Currently, about a third of all food produced in the world doesn't make it to being consumed (or something like that - we were told this in our phytopathology course.) With the increase in standardization of food processing, there should be more common causes of spoilage and the potential of resistant pathogen evolution and rapid spread. How much worse should the food loss become before initiating a cascade of x-threats to mankind?

1turchin
As a lot of grain now is consumed by meat industry, returning to vegetable and limited diet could effectively increase food supply 4-5 times. Many other options exist to do so.
1[anonymous]
Legally enforced veganism? (But grain spoils. It is also often stored in buildings designed specifically for that purpose, and once they get infected...) All in all, I was just trying to think of a hard-to-contain, hard-to-notice, hard-to-prevent x-risk; those already discussed seem more... straightforward, perhaps. I am sure there are other examples of systemic failure harder to fight with international treaties than nuclear war.
1turchin
If your suggestion would be something like "invest in bio-divercity of food supply chain" or "prevent crop loss due bad transportation" it may be interesting. Because while the whole humanity can't extinct because of food shortage, it could contribute to wars, terrorism and riots, as happened during Arab spring.
1[anonymous]
Those would be useful things to do, I think, resulting in 1) better carantine law (the current one does not seem to be taken seriously enough, if Ambrosia's expansion is any indicator, and the timescales for a pathogen will not be decades), 2) portable equipment for instant identification of alien inclusions in medium bulks of foodstuffs, and 3) further development of nonchemical ways of sterilization.
1turchin
Thank you for this interesting suggestion! I will include it in the map and I want to send you award. PM details to me. But what is Ambrosia? Corn rust?
1[anonymous]
Thank you. (Ambrosia artemisiifolia is a carantine plant species, I used it as an example because it's notorious for having allergenic pollen, contributing to desertification - its roots can reach about 4m down, maybe more - and is rather easy to recognize, but people just don't care to eradicate it or at least cut off the inflorescences. And yes, in many places its spread is already unstoppable. Some other plants of the same genus are carantine weeds, too.) I referred rather more to pathogens that could arise and benefit from totally manmade environments. (I remember from somewhere that in supermarkets all over the world, the same six species of Drosophila occur; I think that transportation and storage networks can be modeled as ecosystems, especially if more and more stuff gets produced.)
1turchin
Yes, in fact fungi rusts could eliminate entire species, as has happened with previous variant of banana and now with amphibious. And here rises the question: could some kind of fungi be dangerous to human existence?
1[anonymous]
I really cannot tell. The Irish Famine comes to mind, but surely such things are in the past?.. It's just not a question that you should ask a non-expert if you, because the trivial answer is of course 'yes', but enfolding it takes expertise.
0turchin
I meant the fungi which kill humans...
1[anonymous]
IANAD, but there's Pneumocystis pneumonia, a really ugly resistant to treatment thing. Don't know if it's virulent enough to threaten mankind as a whole. Edit: but considering that the fungus 'appears to be present in healthy individuals in general population' and causes pneumonia if the immune system is weakened, I would not disregard the possibility.
[-][anonymous]10

I have an idea related to Plan B – Survive the Catastrophe.

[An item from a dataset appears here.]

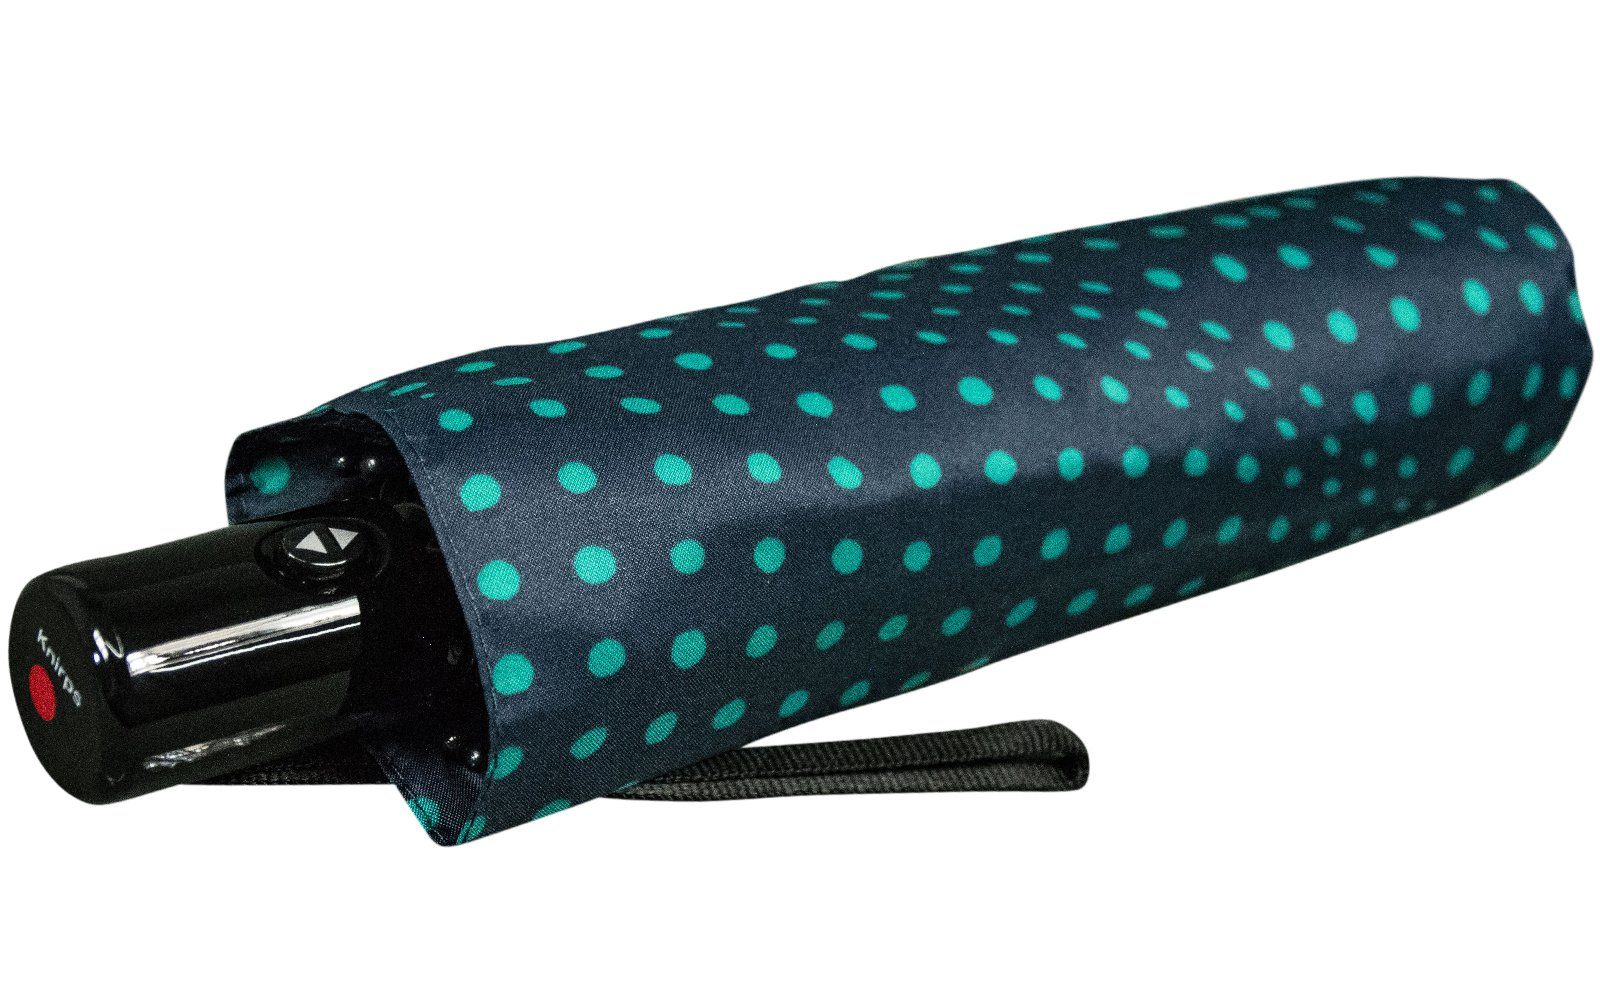 Design Difference - mit Knirps® kompakter türkis leichter, Auf-Zu-Automatik, schönes navy Schirm Taschenregenschirm Punkte

The unfortunate reality is that we do not have enough resources to effectively prepare for all potential catastrophes. Therefore, we need to determine which catastrophes are more likely and adjust our preparation priorities accordingly.

I propose that we create/encourage/support prediction markets in catastrophes, so that we can harness the “wisdom of the crowds” to determine which catastrophes are more likely. Large prediction markets are good at determining relative probabilities.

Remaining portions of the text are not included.